Он прохрипел, глядя мне в лицо с надеждой:
— Корабли!.. Много кораблей…
— Пираты? — спросил я быстро. — Как много?
— Не счесть, — ответил он сорванным голосом. — Все море в кораблях. А еще идут и идут…
За моей спиной уже разгорается встревоженный говор, мелькнуло лицо барона Альбрехта, сэр Жерар размахивает руками, распределяя, кому куда бежать и что делать.
Я повернулся к лордам.
— Пир закончим позже, а сейчас нас ждет иной пир и другое вино, горячее и тоже красное… Все на коней!

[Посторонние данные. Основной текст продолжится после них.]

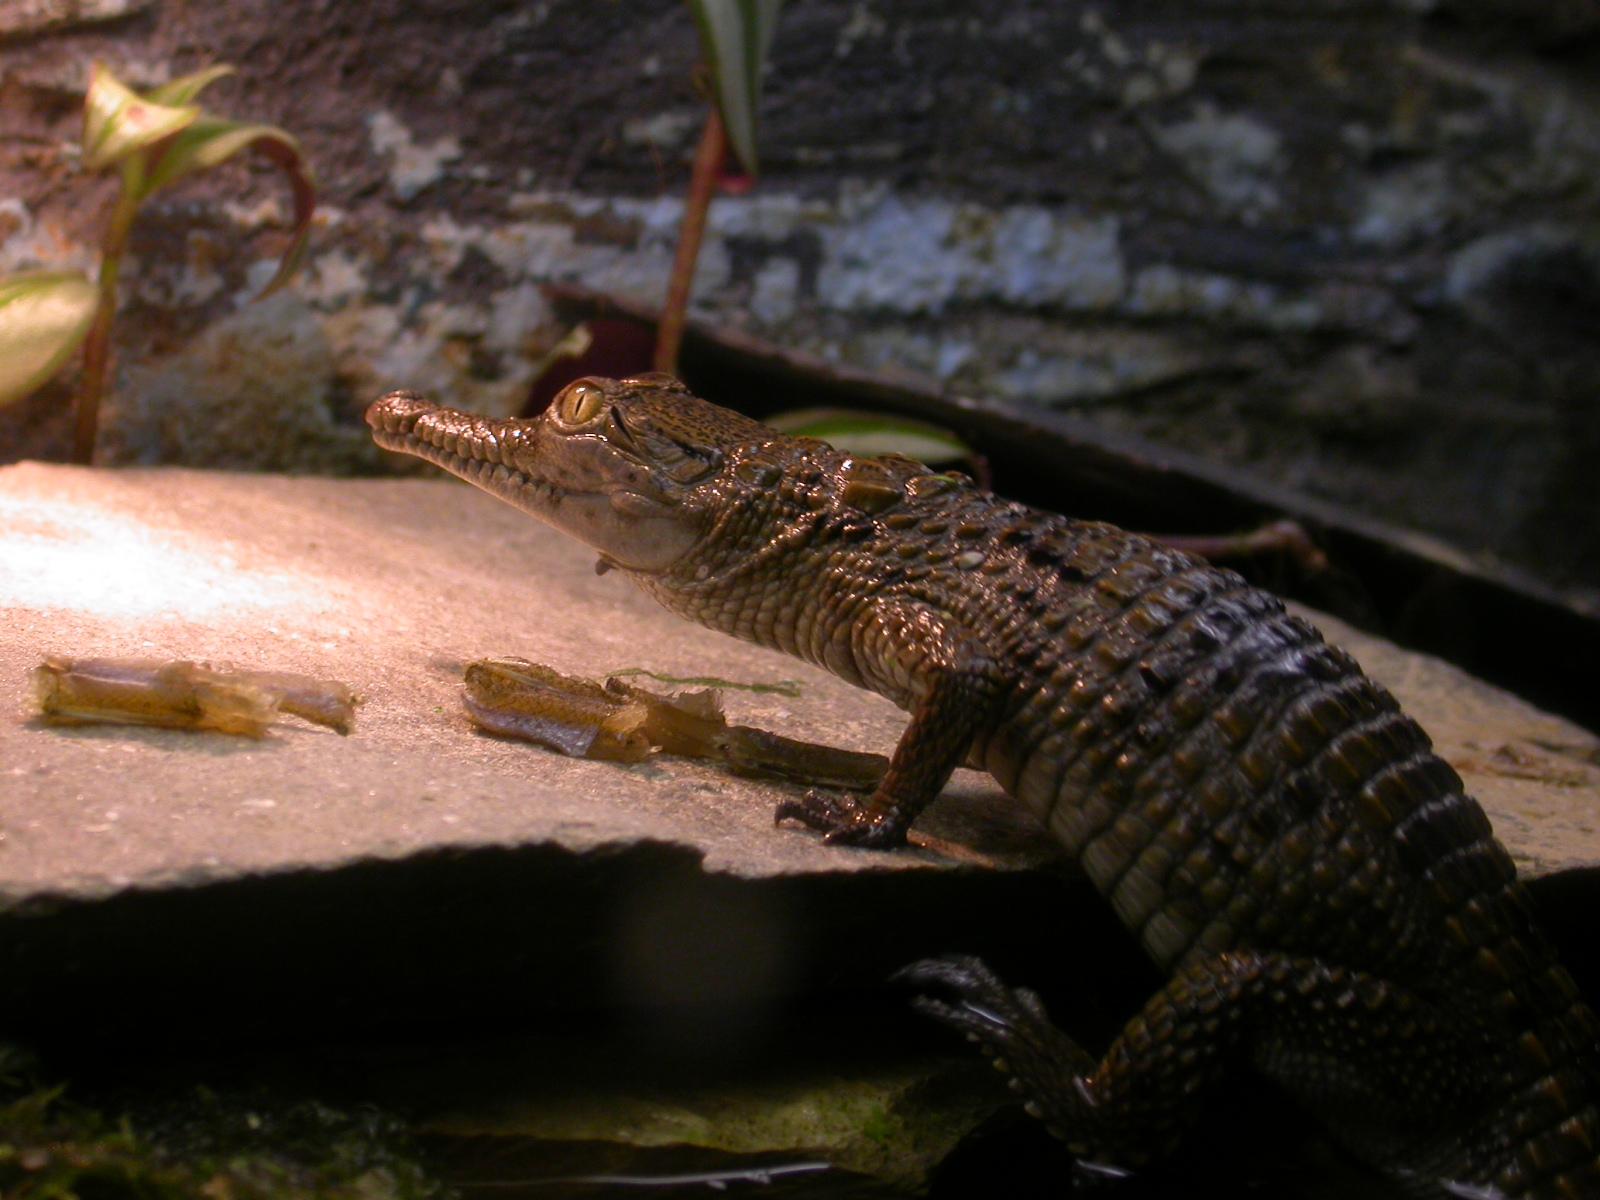 eva aligator shedding skin green lizard reptile crocodile amphibian scales image

К Тараскону! Взять всех, кто может держать в руках оружие.
С шумом, топотом, сдержанной руганью военачальники и сановники выбежали во двор, оставив в зале растерянных женщин. Мне подвели Зайчика, я с седла огляделся, за мной готовы мчаться спасать Тараскон даже те сановники, которые и в седло уже не поднимаются, а только в повозках, что значит, вино у нас крепкое, прибавляет храбрости и безрассудства.
— Догоняйте, — крикнул я и, повернув коня, пустил его вскачь в сторону ворот королевского сада.
До Тараскона я ринулся не по прямой, а сперва по широкой дуге приблизился к местам, откуда можно видеть море, и сердце уже не дрогнуло, а оборвалось в ужасе.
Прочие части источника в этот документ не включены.